Prof. Khavari juga memilah tingkatan doa yang jauh berkualitas dalam meraih hidup bahagia secara spiritual, yaitu:
a.)    Doa sebagai ungkapan rasa syukur dan kepuasan hati
b.)    Doa sebagai proteksi, terutama proteksi diri kita dari segala membuat kita jatuh pada titik kemanusiaan terendah
c.)    Doa untuk yang lain. Karena kita adalah makhluk spiritual yang berhubungan dengan yang lain karena semata-mata didasarkan pada ikatan spiritual.

3.)    Virtues (Kebajikan)
Berbuat kebajikan dan berbudi pekerti luhur dapat membawa kita pada kebenaran dan kebahagiaan hidup. Hidup dengan cinta dan kasih saying akan mengantarkan kita pada kebajikan yang menjadi kita lebih bahagia.

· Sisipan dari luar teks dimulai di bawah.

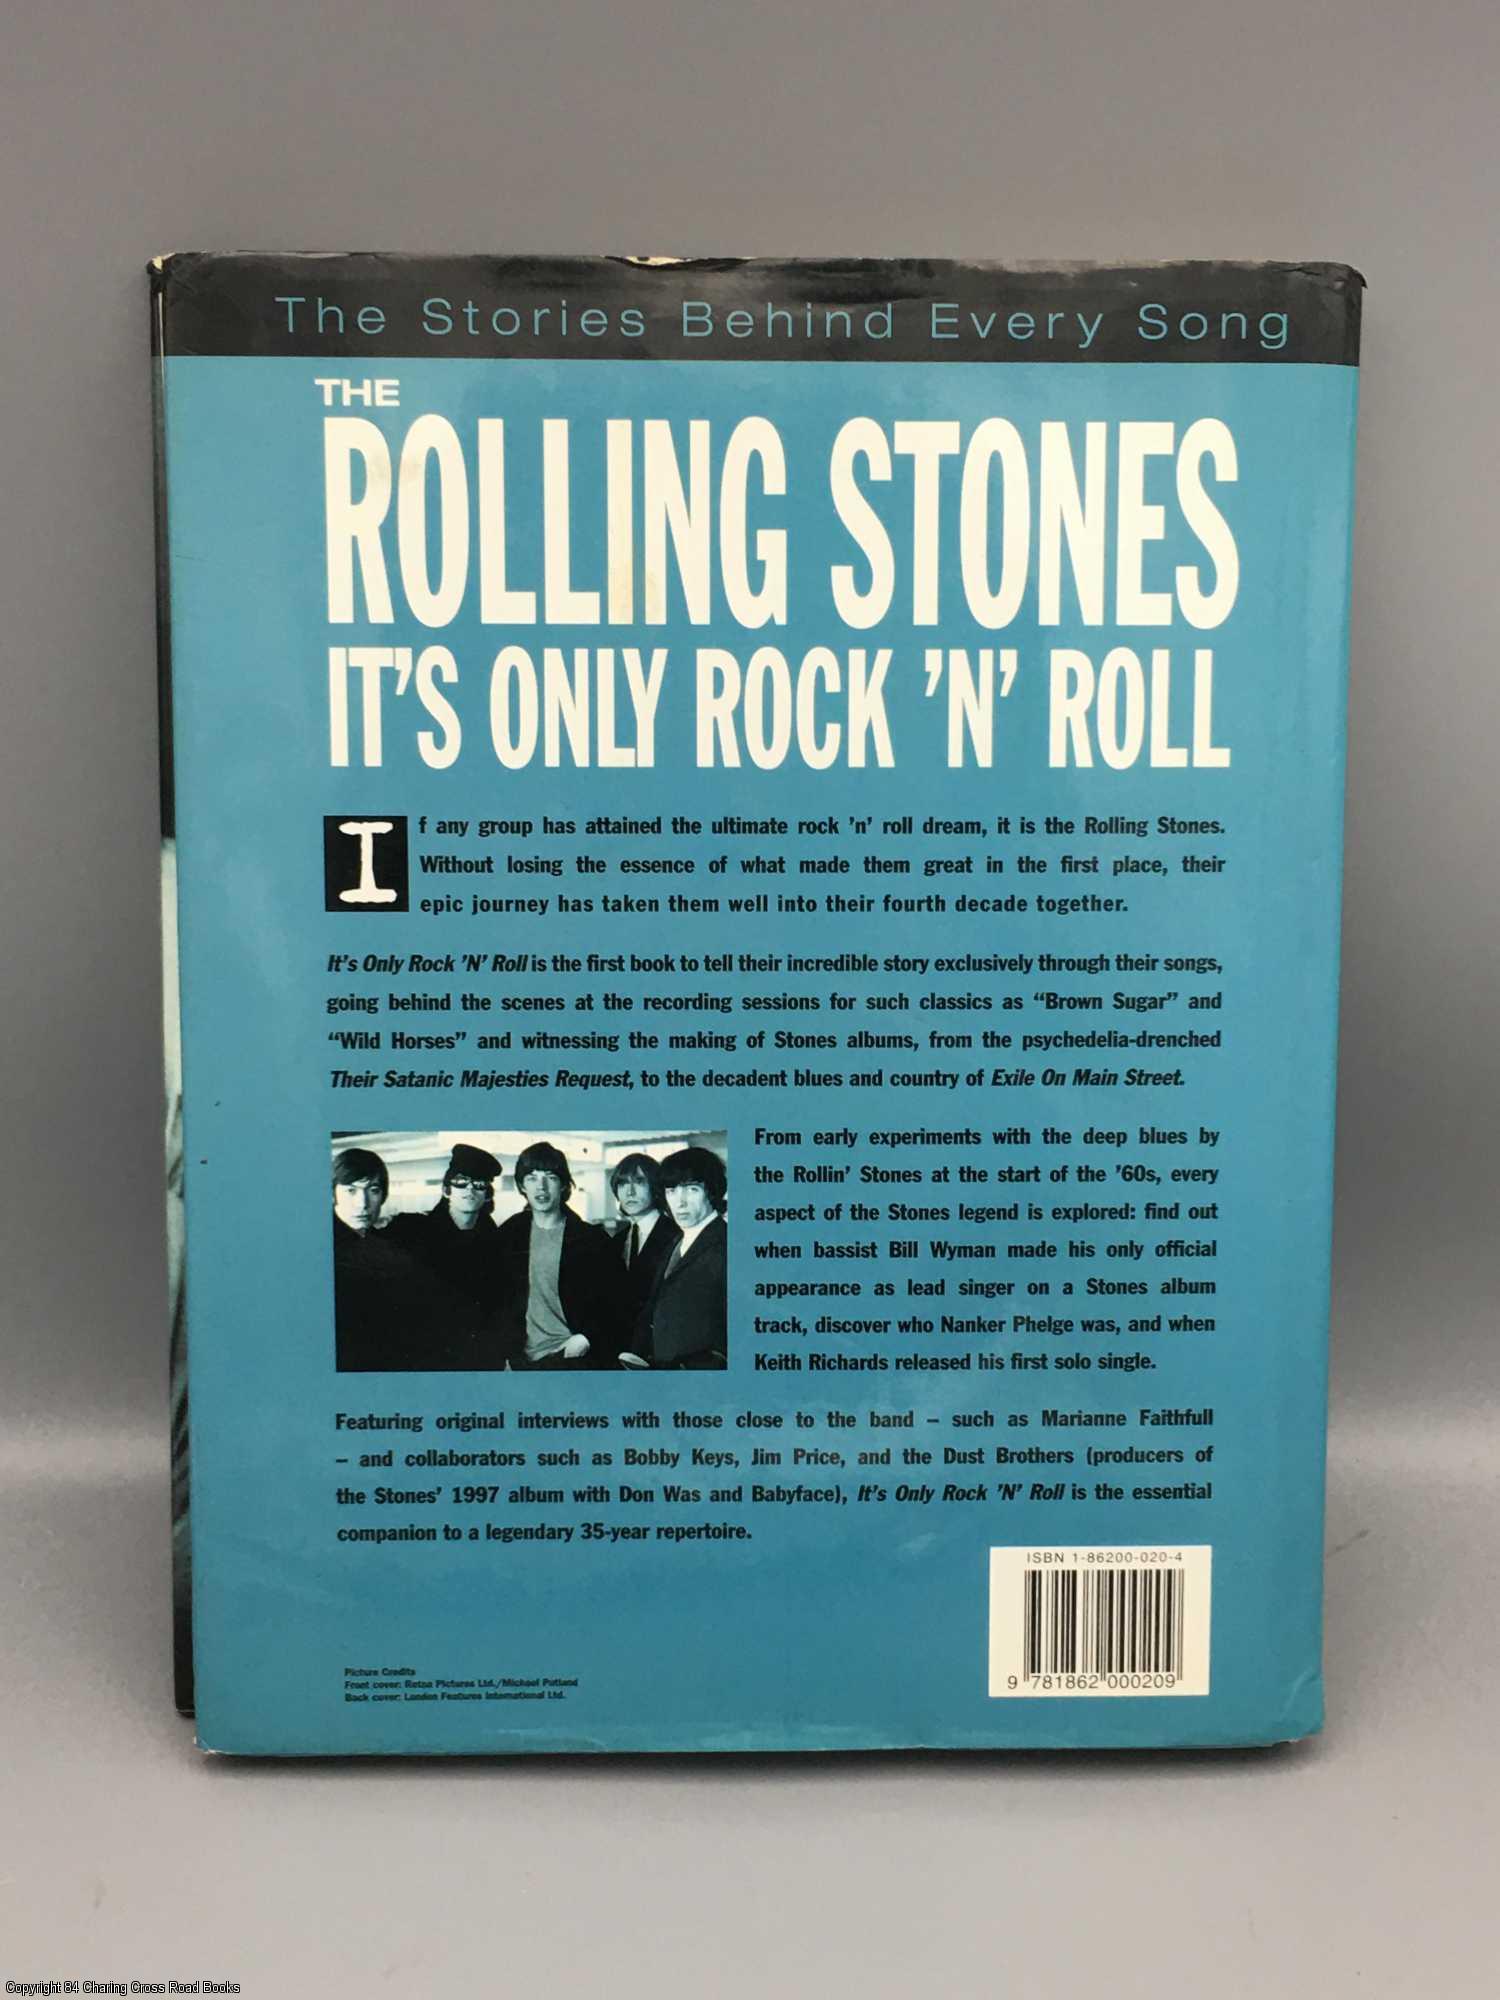 The Rolling Stones Its Only Rock 'n' Roll. The stories behind every song by  Steve Appleford on 84 Charing Cross Rare Books

Kelebihan dan Kekurangan Buku
Buku ini membahas secara terperinci materi yang ada dalam buku, tetapi, penggunaan bahasa yang sulit dipahami oleh para pembaca membuat pembaca merasa bingung dalam menginterpretasikan makna dari buku ini.

Kesimpulannya: Buku ini layak dibaca terutama bagi pembaca yang ingin mempertajam Kecerdasan Spiritualnya.